Melissa, I am a digital manager for a German media group. The platform partners mentioned above offer a lot of benefits for publishers and their customers but they are too expensive for small publishers. The operating costs amount to threetimes of our revenue and you have to sign a contract for at least 3 years, usually you have to sign for 5 years.

By Margit Vetter
Dec 11, 2019, 11:06 AM

It is kind of crazy that there are so many standards for metadata. How many ways are there to say the title of an article is this and it was written by these people? Why not standardise against Crossref? Everyone is already registering DOIs, their data is enriched with funder IDs, citations and more. Since there is a cost with Crossref membership, keep Dublin Core and OAI-PMH around and you’re down to two standards.

Of course there are the usual suspects who have an interest in keeping out new entrants and whose scale allows them to efficiently deal with unnecessary complexity. So I don’t expect much will change unfortunately.

By Ian
Dec 11, 2019, 4:24 PM

MECA (Manuscript Exchange Common Approach, https://www.manuscriptexchange.org/), referenced in this previous Scholarly Kitchen article (https://scholarlykitchen.sspnet.org/2018/07/25/guest-post-manuscript-exchange-meca-can-academic-publishing-world-cant/), should be noted as an emerging approach to deal with these issues that face small and large publishing operations. As one example, PKP’s Open Journal Systems, which serves thousands of small library publishing opreations, has partner institutions are discussing the implementation of MECA.

By Mark G. Bilby
Dec 11, 2019, 5:11 PM

I would suggest to move your journal to Open Journals Systems (PKP). It has all necessary plugins to upload metadata to CrossRef, PubMed, Google Scholar etc.

By Vincas
Dec 12, 2019, 1:07 AM

I agree with VINCAS. I’m sure you could get some help from the Open Access publishing services at the Norwegian universities, e.g. BOAP (UiB), FRITT (UiO), Septentrio (UiT).

https://www.uib.no/ub/71882/bergen-open-access-publishing
https://www.ub.uio.no/skrive-publisere/open-access/fritt/index.html
https://septentrio.uit.no/

By Philipp Conzett
Dec 15, 2019, 12:06 PM

Hi Einar,

You wrote: “Another example is the Directory of Open Access Journals (DOAJ). Tidsskriftet is planning to become an open access journal, but to be indexed by DOAJ you have to create a different XML-feed or set up your systems to work with their submission APIs.”
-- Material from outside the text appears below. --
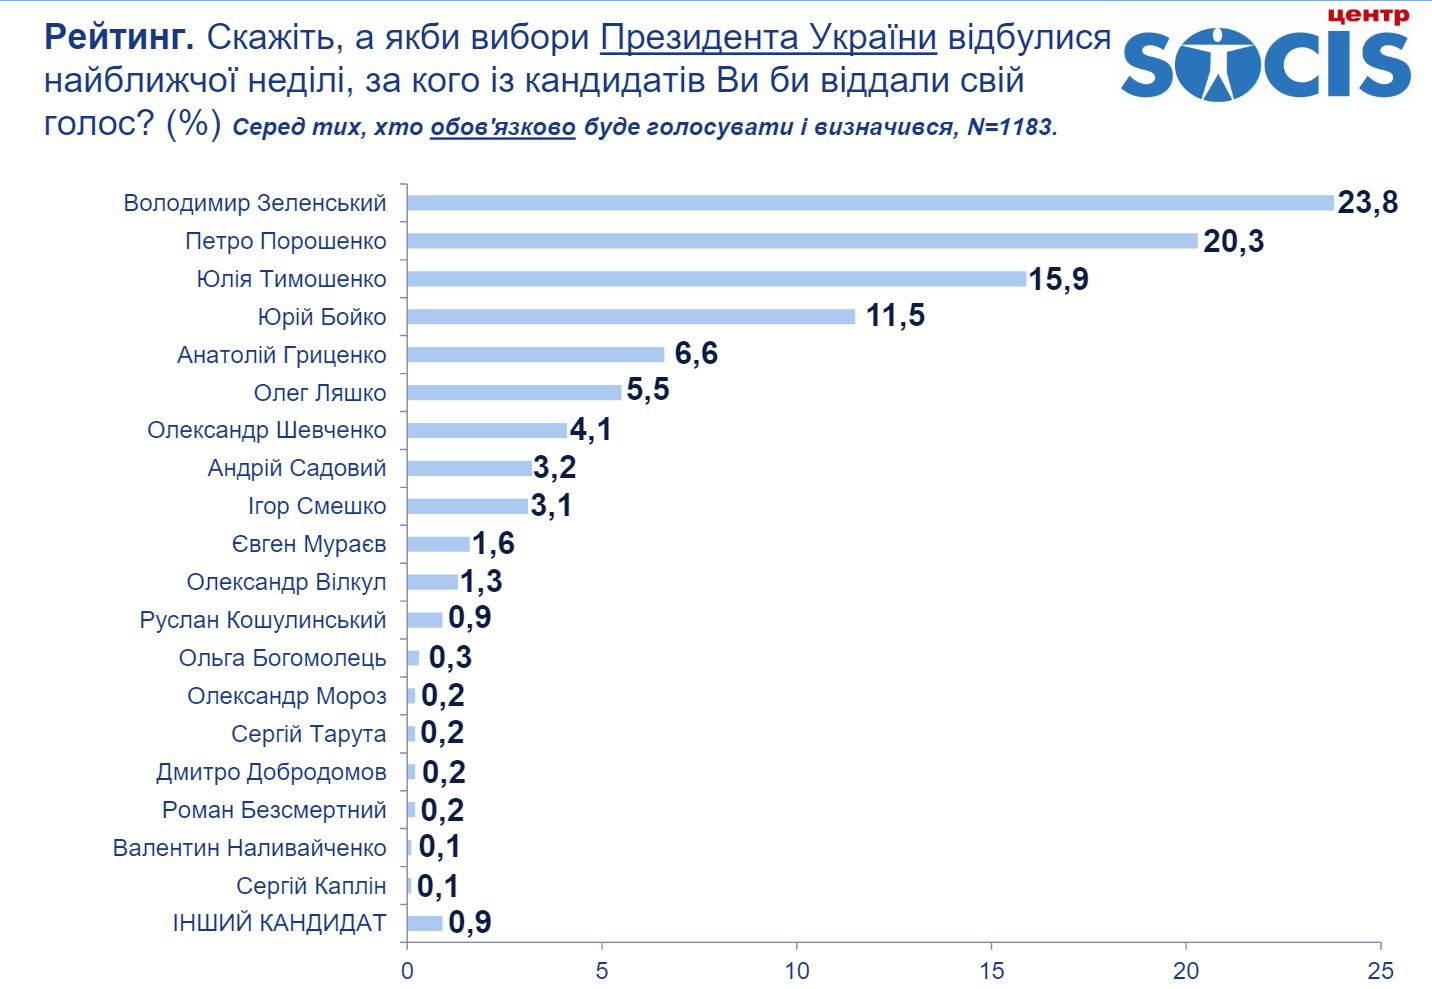 Опрос Социс: разрыв между Зеленским и Порошенко - 3%

I just wanted to clarify that a journal does not need to send XML to DOAJ in order to be indexed and you do not need to integrate with our API either.

We will soon be releasing compatibility with Crossref XML (Feb 2020) too so if you already produce that, you won’t need to spend time or money establishing a DOAJ XML feed.

We look forward to receiving your application!

By Dom Mitchell
Dec 17, 2019, 8:14 AM

As Margit says, the platform partners really are unaffordable for small publishers. For example, one of my clients has 6 PubMed listed journals and would like to have better metadata handling. The owners spent time looking into it, but having seen the prices, they simply cannot see the business case for this. And I can’t blame them! The journals have tight margins and to pay for one of these platforms is unaffordable.